No debemos eludir que la idea de que los terroristas son gente corriente puede resultar incómoda e incluso inquietante para muchos de nosotros, porque tal vez arroja una sombra de duda sobre nosotros mismos y sobre la confianza que tenemos en la gente. Es fácil que se nos escapen pensamientos tales como: ¿sería yo capaz de hacer una cosa así? ¿Y la gente normal que me rodea? La realidad es que tal posibilidad existe, aunque sea muy remota, pero nadie puede volverse terrorista de la noche a la mañana sin una relación, más o menos prolongada, con un grupo en el que es adoctrinado y del que recibe un entrenamiento específico.

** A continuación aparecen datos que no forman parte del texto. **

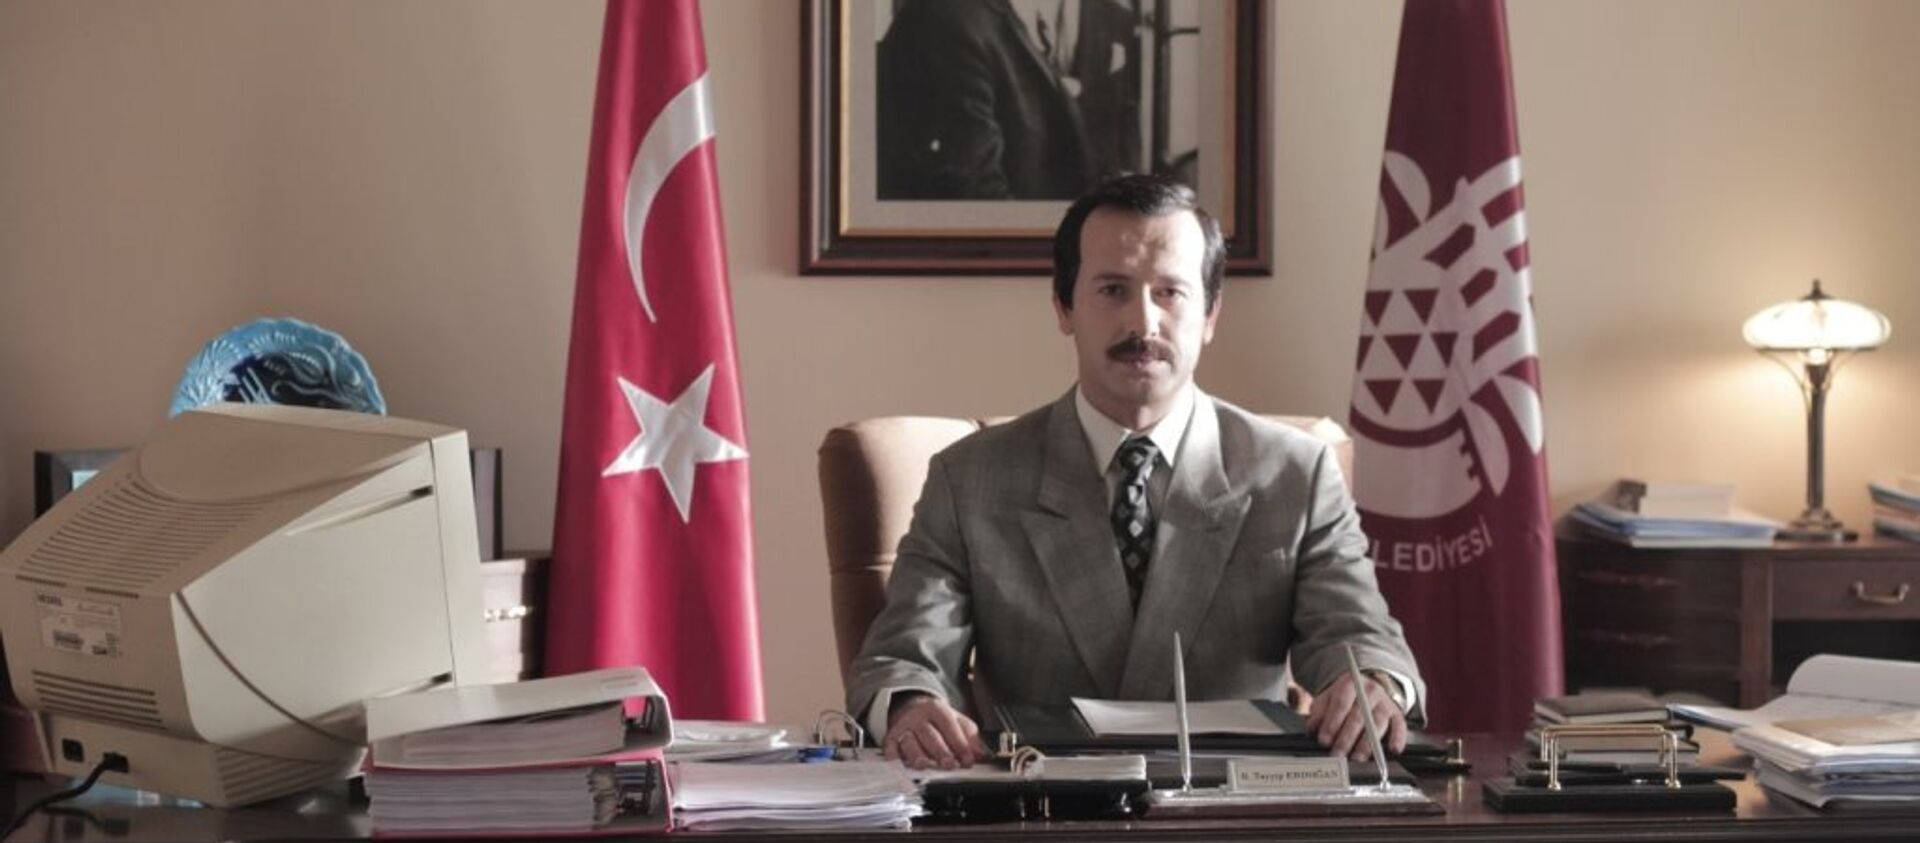 Cumhurbaşkanı Recep Tayyip Erdoğan'ın hayatını konu alan 'Reis' filmi - Sputnik Türkiye, 1920, 24.10.2016

Un primer efecto psicológico del adoctrinamiento ideológico es el proceso de despersonalización que sufre el activista. La importancia que se da en el grupo a la causa por la que se lucha cambia la mirada del activista: los que no comulgan con la propia ideología dejan de ser vistos como individuos y sólo son considerados como miembros del grupo a que pertenecen. Desde esta óptica, los londinenses no son vistos por los yihadistas como personas individuales con diferentes características de edad, sexo, etcétera, sino simplemente como infieles, como miembros de un país cuyo Gobierno hace la guerra en Irak. Mediante el adoctrinamiento en una ideología radical el individuo puede ser fanatizado y aprender un nuevo sentido del bien y del mal: ni los derechos humanos son algo necesariamente bueno ni tiene por qué ser malo asesinar en ciertas circunstancias. Para el fanático, el único criterio válido de moralidad es que la acción realizada contribuya a la realización de su propio ideal. Es legítimo e incluso deseable matar y morir si la acción al servicio del propio ideal así lo exige. Y todo ello sin que medie ningún escrúpulo moral, ya que se hace por un buen fin. Ya lo dijo con acierto Pascal: "Nunca se hace el mal tan bien como cuando se hace con buena conciencia".

El extraño mecanismo psicológico a que nos estamos refiriendo fue denominado por el prestigioso psicólogo, Albert Bandura, inhibición o "desconexión moral". Este mecanismo, sin duda ajeno al psicópata, se basa en que igual que el hombre puede maltratar o incluso matar a un animal sin experimentar ningún remordimiento, puede también, apoyándose en justificaciones ideológicas, amortiguar el sentimiento de culpa en los malos tratos a personas, despojándolas de sus cualidades humanas, lo cual aleja de él toda simpatía o sentimiento de compasión hacia las víctimas.

Después del 7-J existe un serio peligro de aumento del racismo, como ya sucedió después del 11-S y del 11-M.

La islamofobia resulta ahora altamente preocupante, especialmente porque, como ha notado el islamólogo Gilles Kepel, son los inmigrados musulmanes en Europa que se sienten rechazados por la población autóctona quienes más corren el riesgo de refugiarse en el islamismo radical. Es responsabilidad de todos prevenir que esto ocurra y tener en cuenta que la inmensa mayoría de musulmanes que conviven a nuestro lado rechazan el fanatismo terrorista tanto o más que nosotros.